Skip SHAP if `--skip-shap`	Large N + many features makes Saabas slow	Saabas is per-sample × per-feature — quadratic in feature count. User can opt out.
Reuse cached RDS	Existing trained model at the expected path	Saves the most expensive sub-step on re-runs.
Hard-fail on factor-level mismatch	The response column has only one level after filtering	Nothing to classify; logged + skipped.

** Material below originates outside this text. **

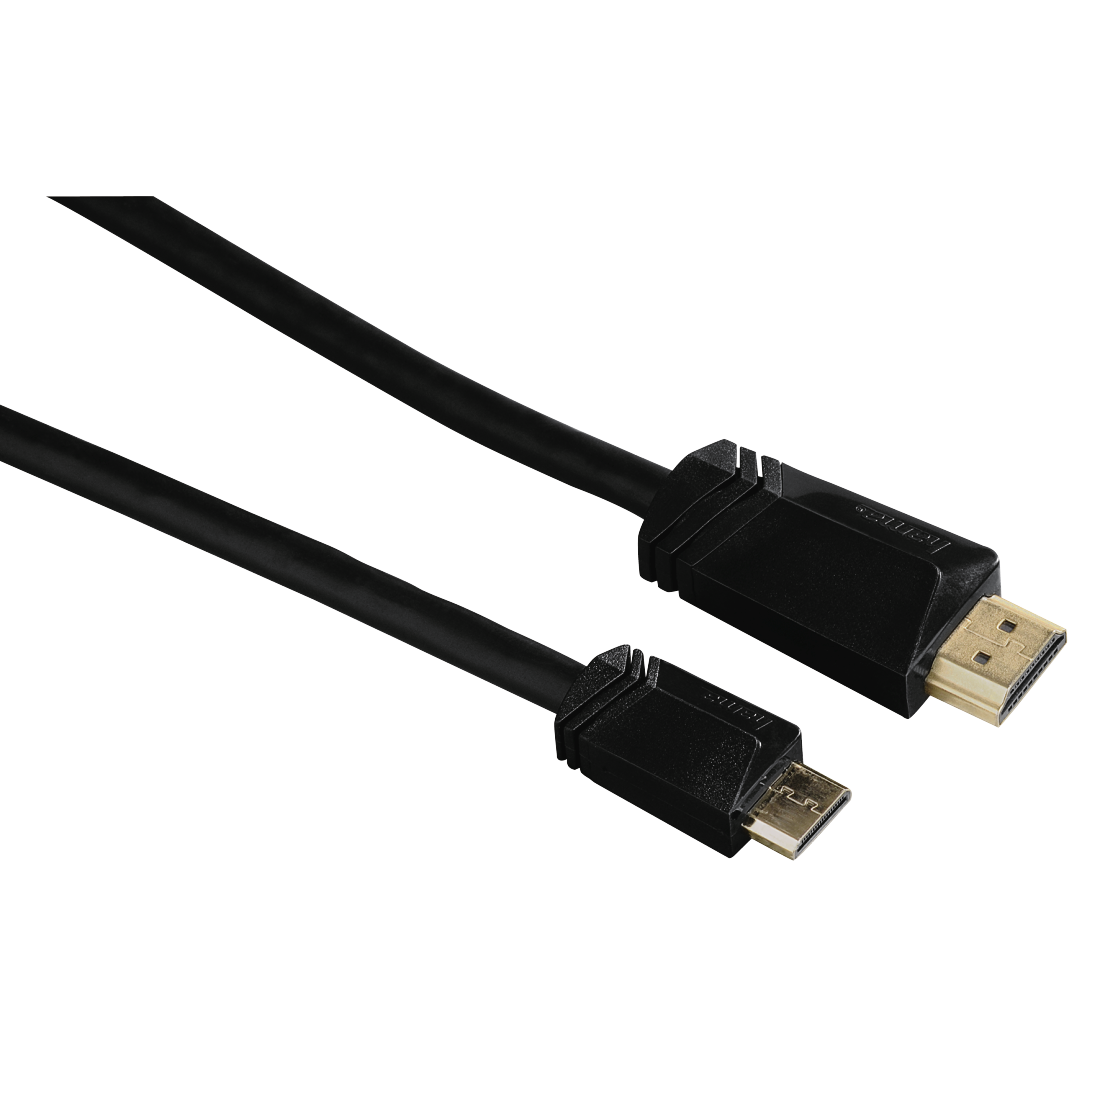 00125279 Hama High Speed Mini HDMI™ Cable, gold-plated, black, 1.50 m |  hama.com

What the output file looks like

Summary_RF_<Variable>.xlsx (the canonical "which level is most predictive?" answer):

level	accuracy	macro_AUC	F1	n_features	n_used	runtime_s
domain	0.55	0.61	0.52	2	2	0.4
phylum	0.71	0.74	0.69	12	12	0.8
class	0.78	0.82	0.77	23	22	1.2
order	0.83	0.87	0.82	47	41	2.0
family	0.86	0.90	0.85	84	71	2.9
genus	0.88	0.93	0.87	142	109	4.1
species	0.85	0.91	0.83	218	178	5.3

Plus per-(level × variable) RF_<level>_by_<var>/ directories with:

model_metrics.xlsx — accuracy + AUC + F1 + sens + spec.
confusion_matrix.png / .svg.
roc_curves.png / .svg.
feature_importance.xlsx — every feature's permutation importance.
top20_importance.png / .svg.
shap_per_sample.png / .svg.
predicted_vs_actual.xlsx.
model.rds.

Takeaway

Step 16 is the predictive complement to Steps 10 and 14. A signal that shows up in ANCOMBC2 and drives a Random Forest classification is hard to dismiss. The cross-validation strategy auto-adapts to small-N microbiome reality. Permutation importance + Saabas SHAP give a reviewer the which taxa actually drive the prediction answer.

Sources

The script: mbXPro/scripts/mbx_ml_classifier_run.sh
Random Forest: Breiman (2001), Random forests, Machine Learning 45:5–32.
ranger: Wright & Ziegler (2017), ranger: A fast implementation of Random Forests for high dimensional data in C++ and R, JSS 77:1.
Permutation importance: Strobl et al. (2007), Bias in random forest variable importance measures, BMC Bioinformatics 8:25.
Saabas SHAP-equivalent: Saabas (2014), http://blog.datadive.net/interpreting-random-forests/
SHAP for trees: Lundberg et al. (2020), From local explanations to global understanding with explainable AI for trees, Nat Mach Intell 2:56–67.